Pools can be a lot of fun, but they can also present a lot of hazards. Make sure pools have the proper safety features in place to help reduce the risk of injury.
Prevent access to the water when the pool is not in use.
- Install and maintain barriers such as four-sided fencing.
- Use locks/alarms for windows and doors.
- Remove all toys from the pool area that might attract children to the pool when not in use with adult supervision.
Ensure swimmers know the pool depth.
Depth markers can help children and parents know where it's safest to swim. Depth markers can also prevent diving injury. No diving in water less than 5 feet!
Swim where a lifeguard is on duty.
If a lifeguard is not available, be familiar with lifesaving equipment and how to use it. Know the address of where you are in case you need to call 911.
Stay away from pool chemicals and pool chemical rooms.
While many pool chemicals help keep us safe when in the water, they can cause harm if used improperly.
Click on the buttons below to learn about specific pool safety features:
All pools should have barriers to prevent unexpected or accidental entry into the pool area. Barriers include fences, walls, door alarms for the house, and power safety covers over the pool.
Pool fences should:
- Completely surround the pool
- Be at least 4 feet high
- Be constructed so that a child cannot get over, under, or through the fence
- Ensure that no permanent structures, equipment, or other objects can be used to climb the fence
Pool fence gates should:
- Have a self-closing and self-latching device that is out of reach of children
- Open outward, away from the pool
Ideally, the house will not serve as the fourth side of the pool barrier. However, if it does, make sure to install door alarms on any doors that can lead into the pool area. This will prevent children from accessing the pool unnoticed.

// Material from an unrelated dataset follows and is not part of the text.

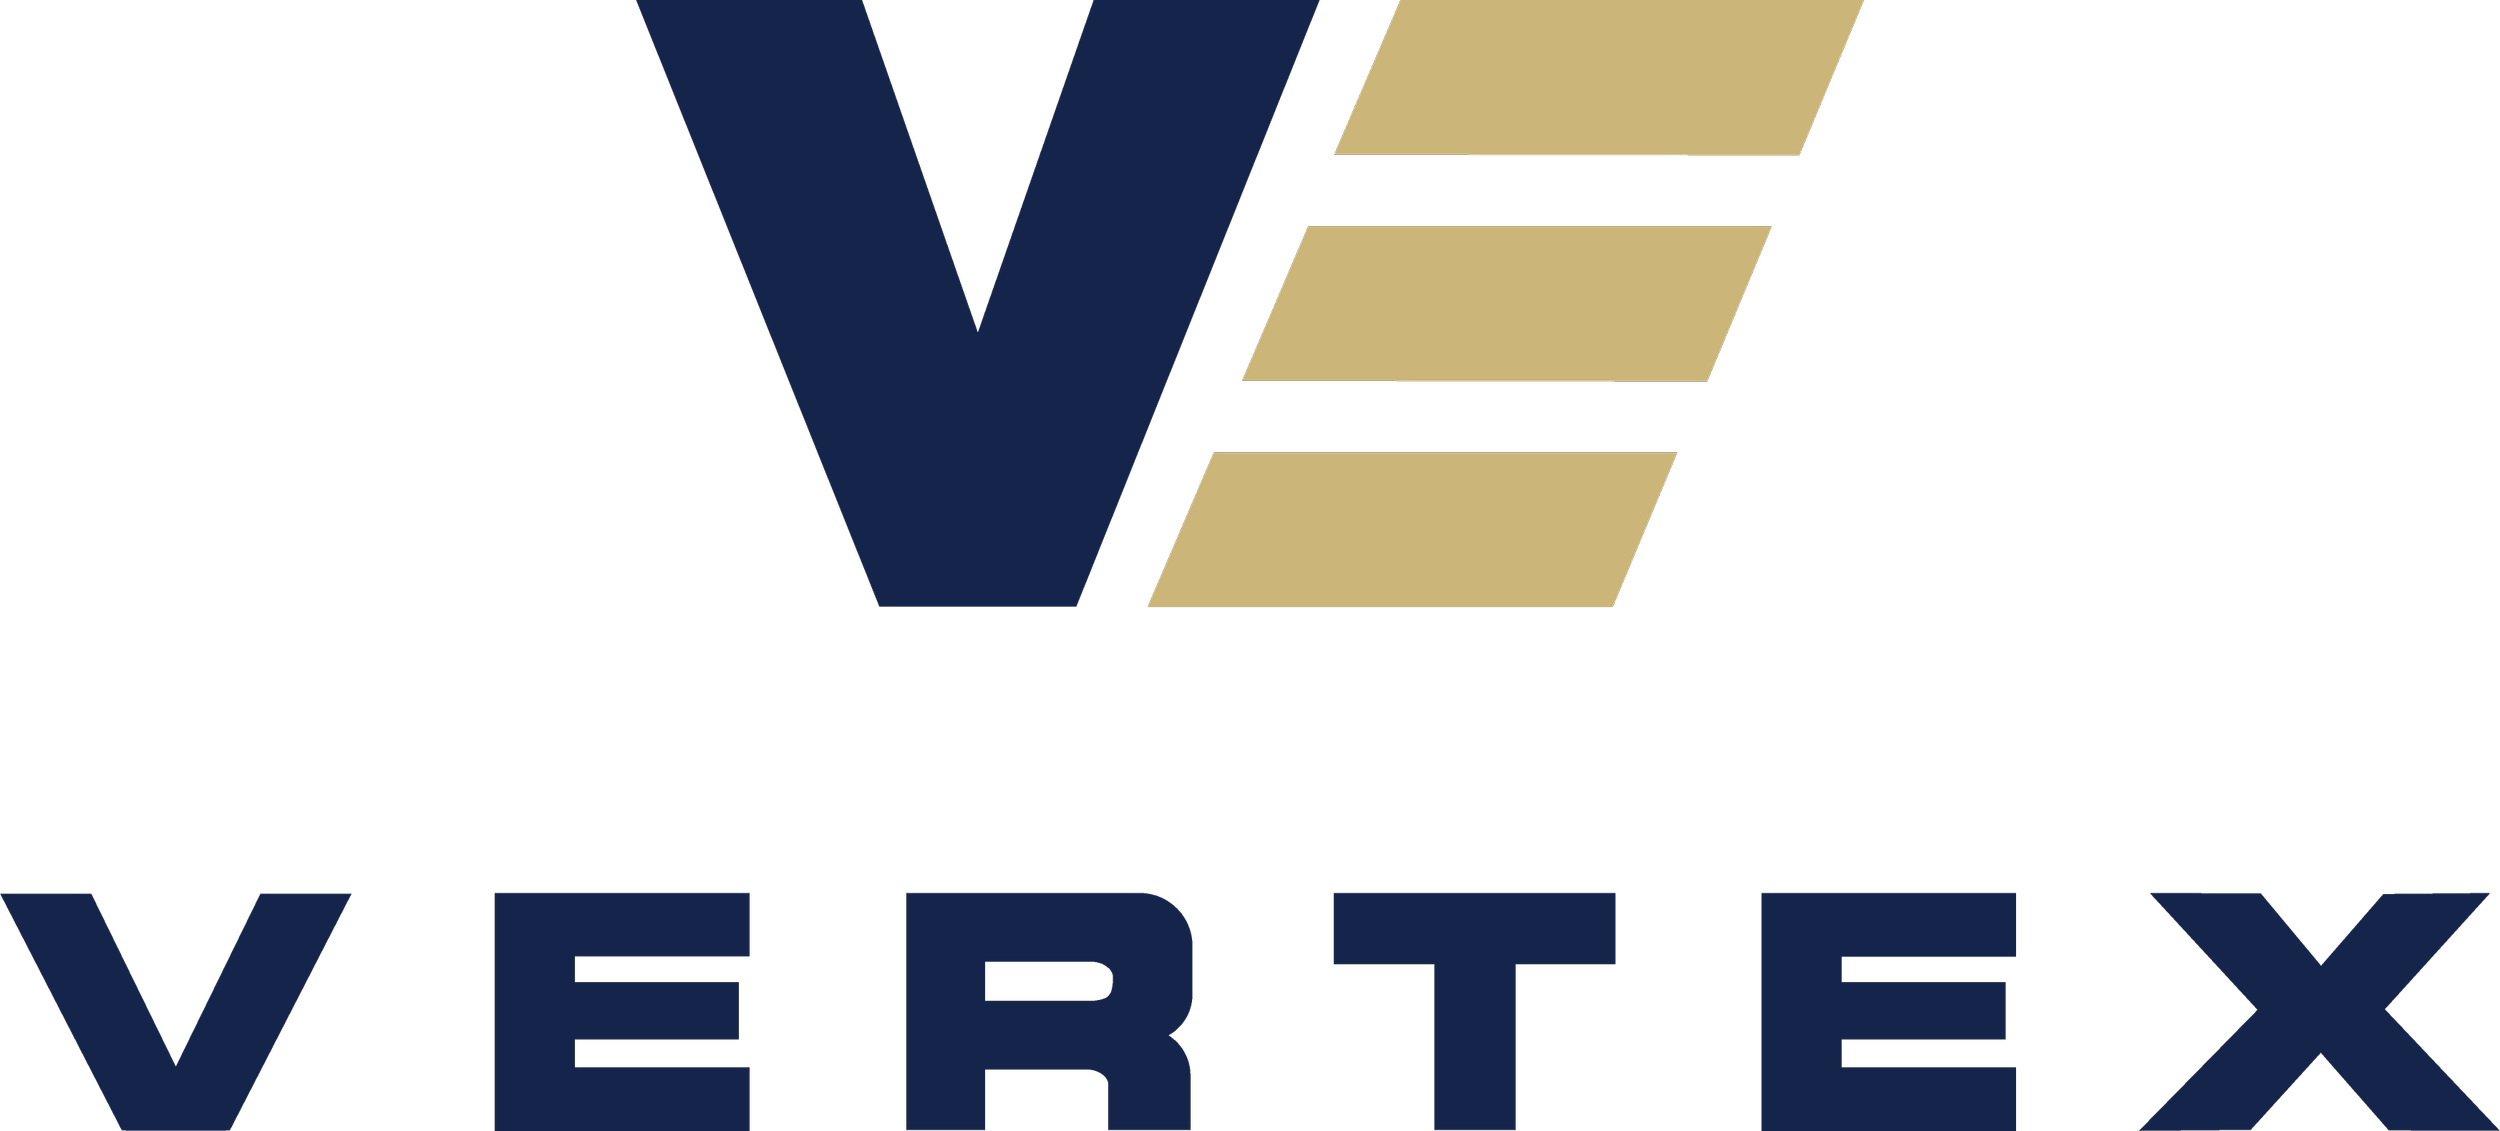 Vertex Logo.png

Pool covers add an extra layer of safety by ensuring that a child who gains access to the pool unnoticed will not fall into the water.
For above ground pools, ensure that the ladder or stairs into the pool deck are secured, locked, or removed to prevent access to the water. Portable pools, including inflatable and more permanent models, should be fenced, securely covered, or emptied and put away between each use.

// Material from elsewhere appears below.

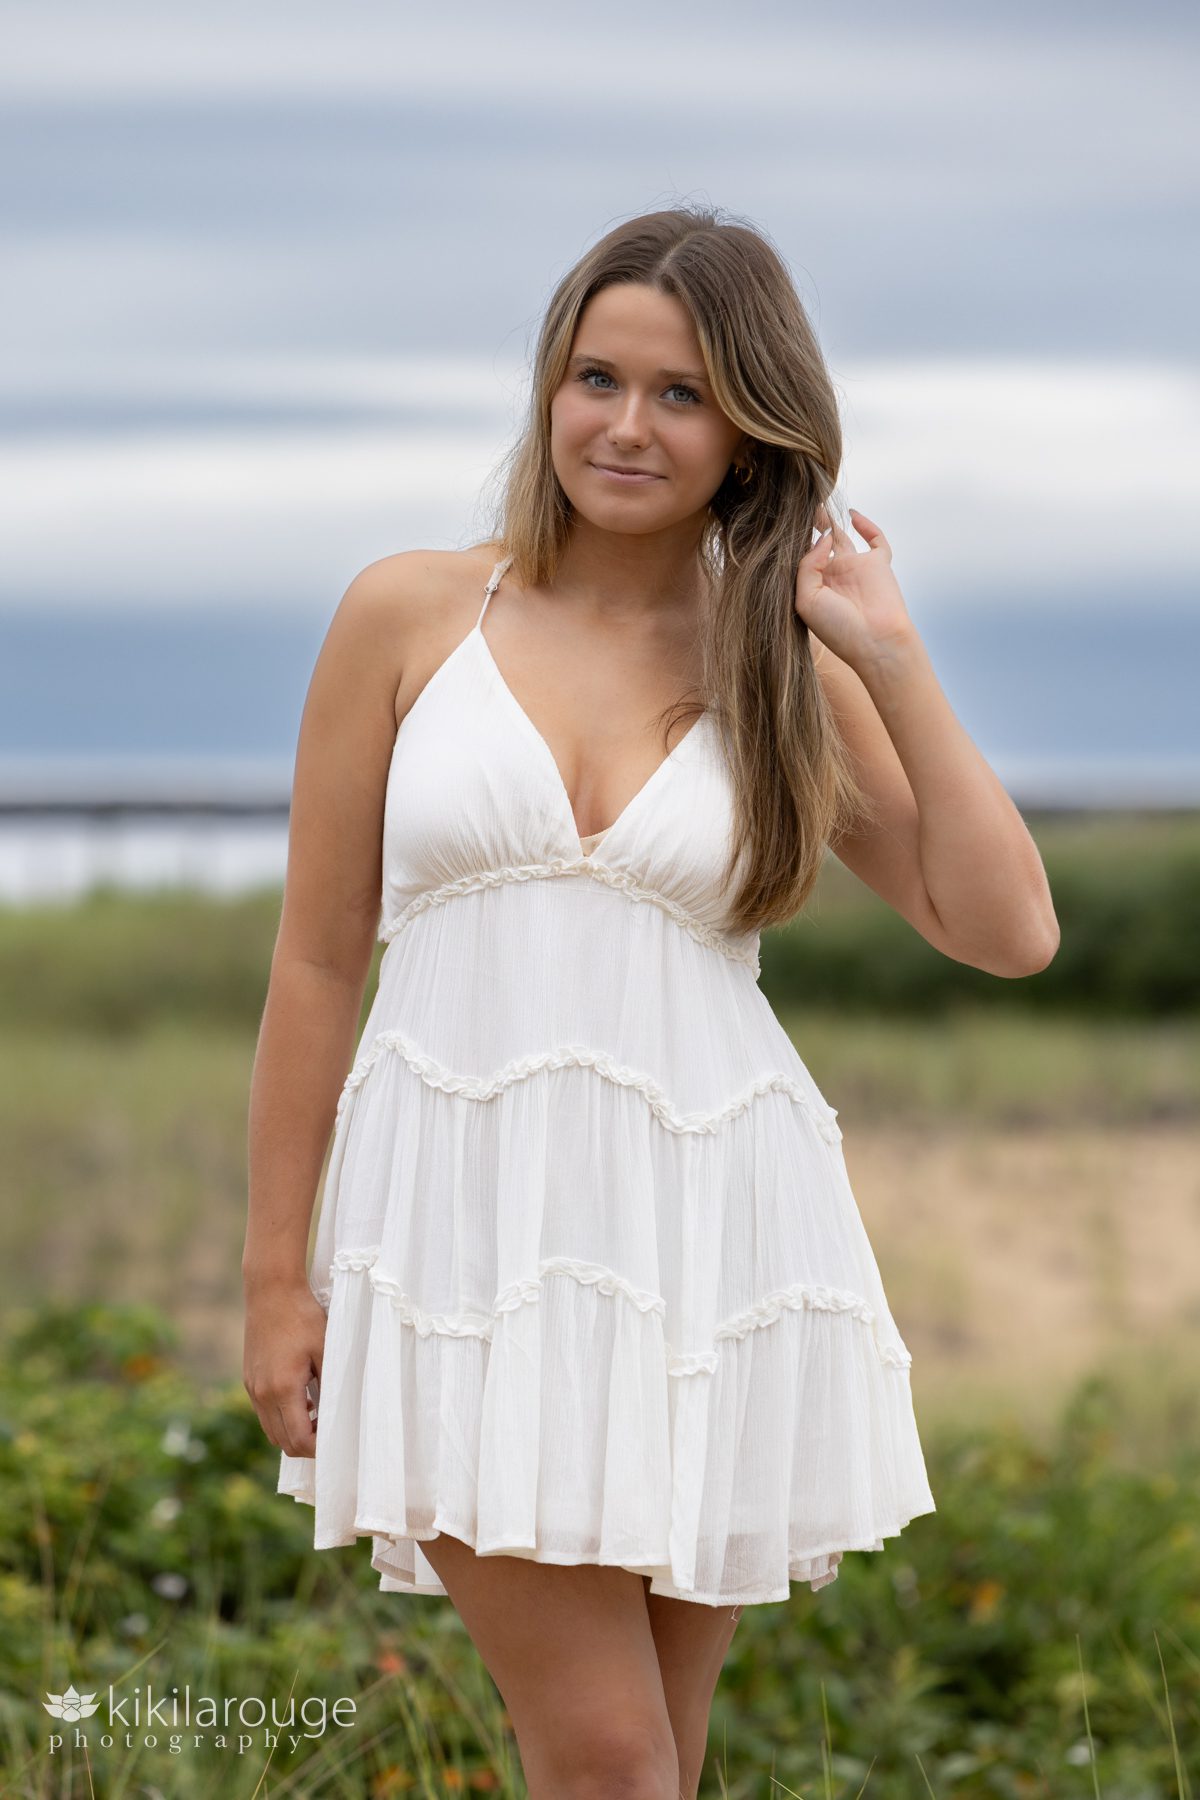 Teen senior girl in white dress dancing in beach dunes hand in hair

For more detailed information, see the Consumer Product Safety Commission’s Safety Barrier Guidelines for Pools.
Signs or markers should be big enough to be easily seen and maintained so they are readable.
Depth markers should be provided so swimmers know how deep the water is.
NO DIVING signs or markers should be located in pool areas with less than 5 feet. No diving in water less than 5 feet deep.
Figure 126.96.36.199.1.1 of the MACH Annex
Call 911 in the event of an emergency. Know where you are and the address to give to emergency responders.
Whenever possible, swim where a qualified lifeguard is present. Know where lifeguards are and follow their instructions
Pools may have a throwable floatation device, or life ring or buoy, while some might have a rescue tube. Some pools may have a reaching pole, or shepherd’s crook. Be familiar with where these items are and how to use them. Do not enter the water to save someone unless you have been properly trained and certified. Before swimming, learn lifesaving skills.
Pools require chemicals to keep the water clean. Some chemicals are dangerous if not handled correctly. Pools should ensure chemicals are properly labeled and kept behind locked doors. Chemicals should never be added to the pool while swimmers are in the water.
Visit the VDH Pool Chemical Safety page to learn more!
Pool chlorine levels should be checked daily. Public pools are required to post chlorine levels on a sign at the pool for everyone to see. Safe chlorine levels range from 1.0ppm to 3.0ppm. Check with the pool owner or operator if you have questions about chlorine levels.